Overnight, Pittsburgh’s great expectations were dashed when Royer abruptly announced that Pittsburgh would not be allowed to reopen until November 9. Mayor Babcock was furious. He called the city solicitor and the rest of his cabinet into conference to discuss the city’s options. Emerging from the meeting, Babcock announced that Pittsburgh hereby would return to normal business. Although technically the Mayor did not have the power to rescind the state’s closure order, Babcock knew that Harrisburg relied on local authorities to enforce it. “While the state is, of course, supreme in this respect, the city will refuse to act as its police agent,” Babcock told the public. “If Dr. Royer wants to quarantine the city in punishment, he may try to do so, provided government needs do not interpose a higher power.” For all intents and purposes, Pittsburgh’s closure orders and gathering ban were over. Church and school closures were a local matter; Davis said that churches could resume services on November 3.27
There was little Royer could do. The beleaguered health commissioner was dealing with defiance in other sections of Pennsylvania as well, most notably in Lancaster. There, city officials refused to abide by Royer’s influenza bans. As a result, Royer forbade all trains from entering Lancaster, symbolically quarantining it from the rest of the nation. Pittsburgh, however, was not Lancaster. An industrial powerhouse with a large population, Royer dared not try to isolate the Steel City, especially during wartime. Instead, he issued a statement condemning the city’s actions as an invitation to lawlessness and disorder.28 Many businesses were unfazed and continued with their plans to reopen. Churches were split on whether or not to do so; Catholic clergy prepared their churches to reopen, set to open while many Protestant ministers called for harmony between state and local authorities. While the city and state fought, Davis devised a plan to reopen schools in a week, giving them time to recall teachers and prepare the buildings. It also gave parents time to obtain certificates of health for their children from physicians, as now required by Davis for readmission to school.29
Babcock did not stop there. The spirited mayor accused Royer of being drunk with power, perhaps taking a poke at the health commissioner’s concerns voiced statewide about alcohol consumption during the epidemic. Royer ignored the accusation and instructed Nelson McVicar, the state health department’s legal representative in Pittsburgh, to prosecute all defiant business owners. This legal war only lasted a day, as most theaters, movie houses, and saloons decided to remain closed while the political and legal battle was being fought between the city and the state. The few that opted to tempt fate and open were issued warrants, although a wise McVicar subsequently dropped the cases in order to reward compliance.30
Ultimately, Royer held true to his promise to lift the state-ordered bans on November 9. In Pittsburgh, Davis announced that schools could reopen on Monday, November 18 so long as students were inspected and medically cleared to return to their classrooms. Movie houses and theaters could reopen immediately provided they were clean, well ventilated, and sold only as many tickets as there were seats. Other entertainment venues, such as poolrooms, dance halls, and cabarets, could open but could not allow large crowds to gather for extended periods.31 Other than these restrictions, Pittsburgh was once again free to return to life as usual.

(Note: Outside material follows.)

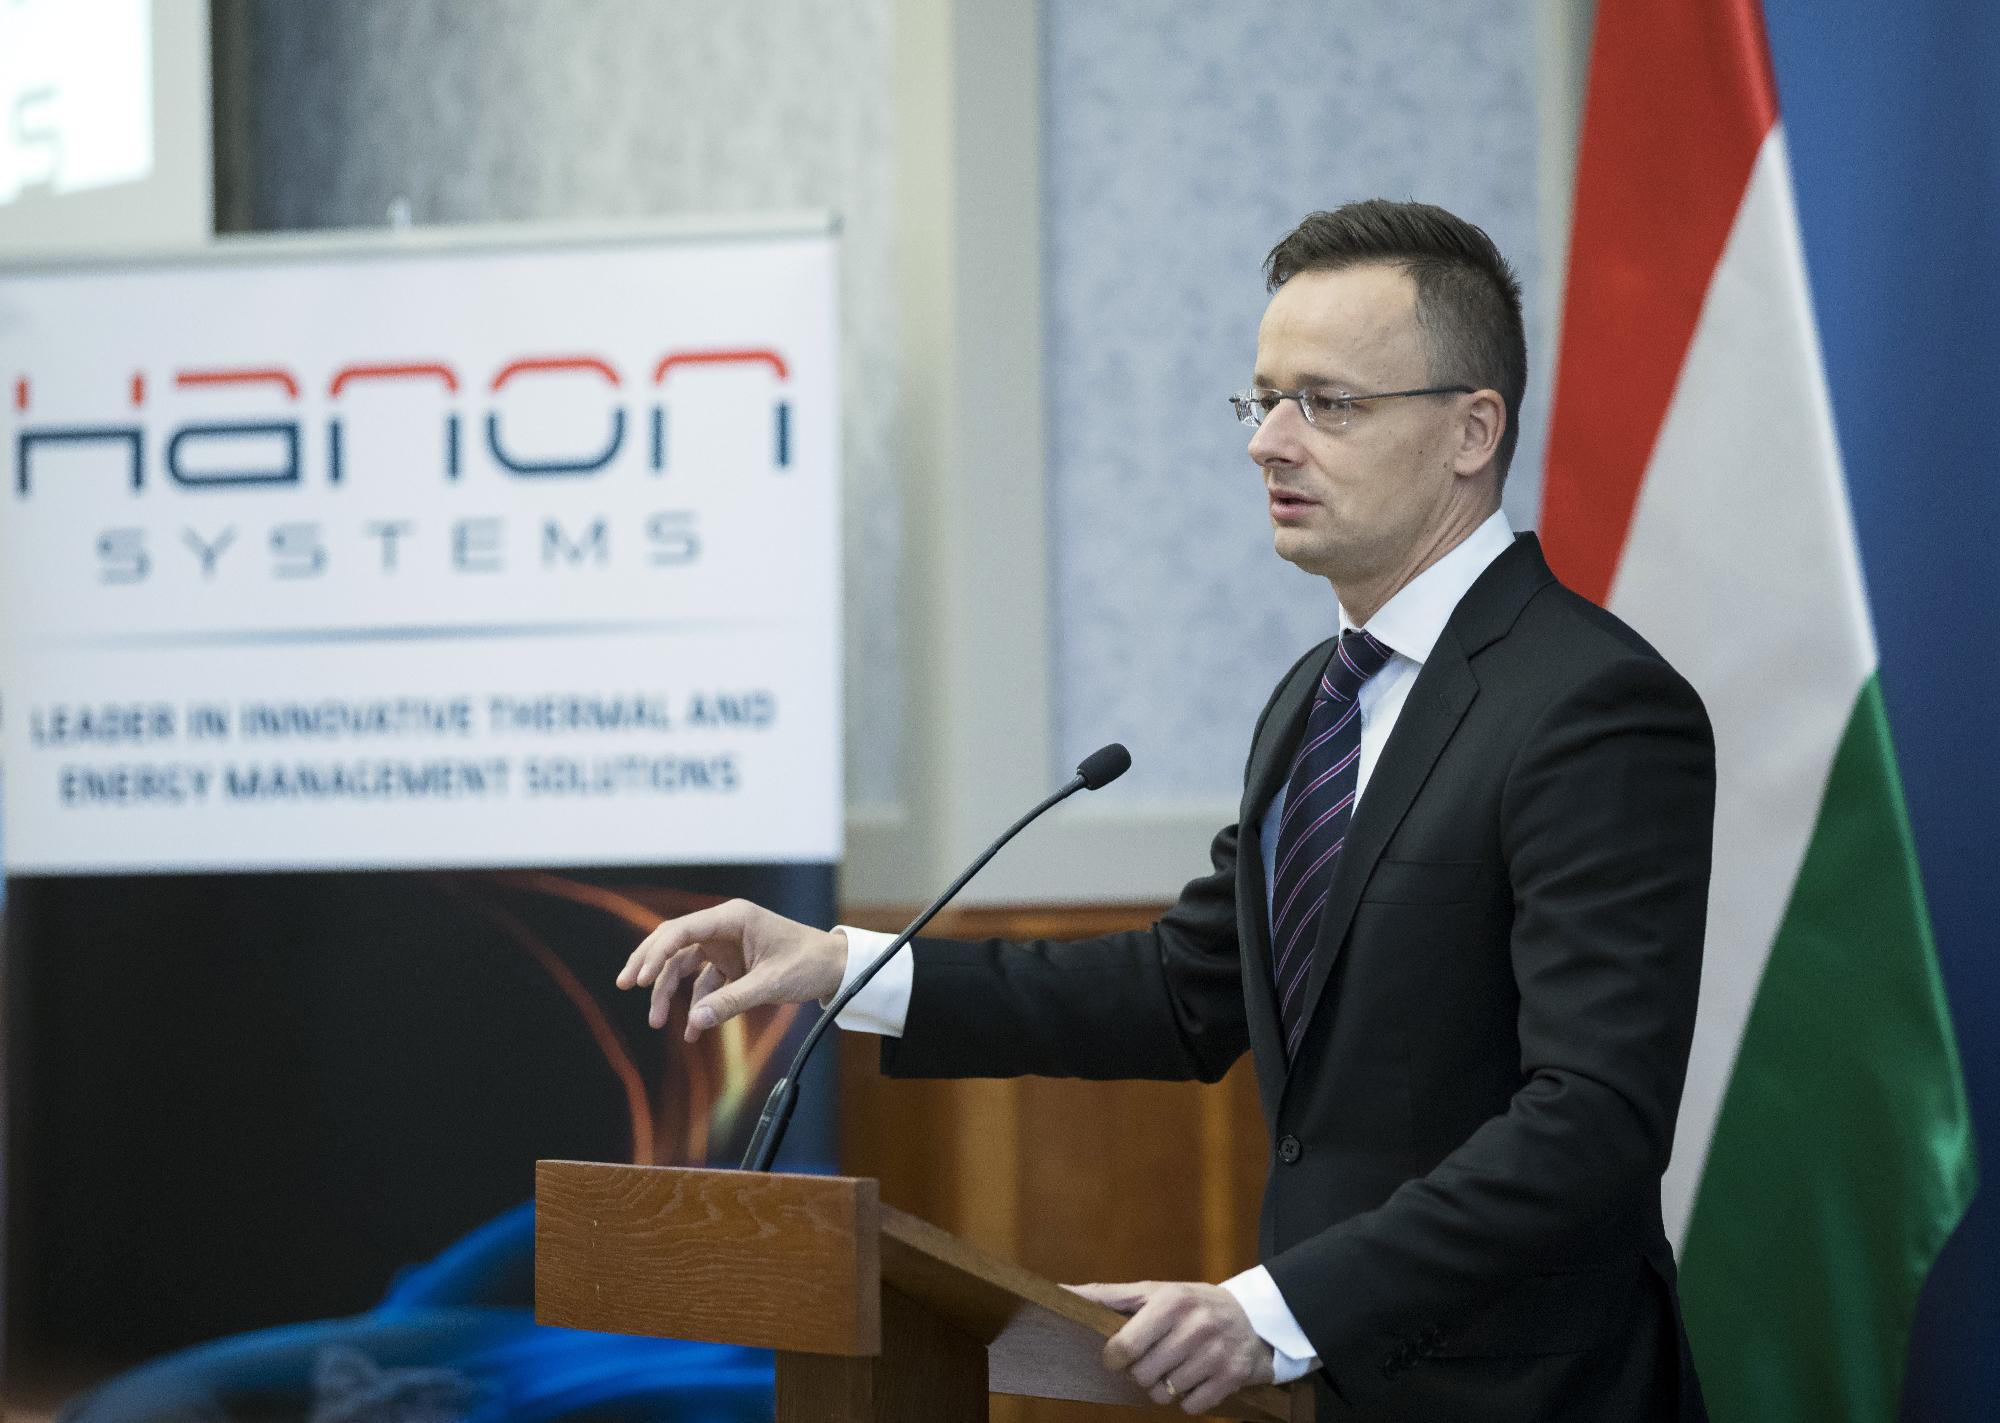 A Hanon jelenléte egyidős a magyar demokráciával

Pittsburgh continued to experience cases of influenza and pneumonia throughout the rest of the winter, with a small spike in late-January 1919 that briefly concerned health officials. By the start of February, more than 25,000 Pittsburghers had contracted influenza.32 It was not until April 21, 1919 that the city celebrated its first flu-free 48-hours since the epidemic started, some seven months earlier.33
Overall, Pittsburgh experienced the worst epidemic of any major city in the United States. The average death rate for Eastern cities was 555 per 100,000. By contrast, Pittsburgh’s excess death rate was a whopping 807 per 100,000 people. The Steel City’s ordeal with influenza was even deadlier than that of Philadelphia (748) or Boston (710), two communities where influenza ran rampant in the fall of 1918. Despite advance warning and preparation, organized local leadership, and efficient allocation of resources, Pittsburgh fared horribly during the crisis.
While we know with certainty that Pittsburgh had a very poor outcome, it is difficult to explain why. Despite some grumbling, Pittsburgh officials acted on Royer’s statewide closure order very quickly, even before receiving official word. In fact, Pittsburgh’s closures came even sooner in its epidemic than did Boston’s. At the other end of the epidemic, the few days’ worth of preemptive re-openings that Mayor Babcock unilaterally implemented likely would not account for the severity of the city’s excess death rate. In addition, there is little evidence that many businesses were willing to incur the wrath of state officials by following Babcock’s lead.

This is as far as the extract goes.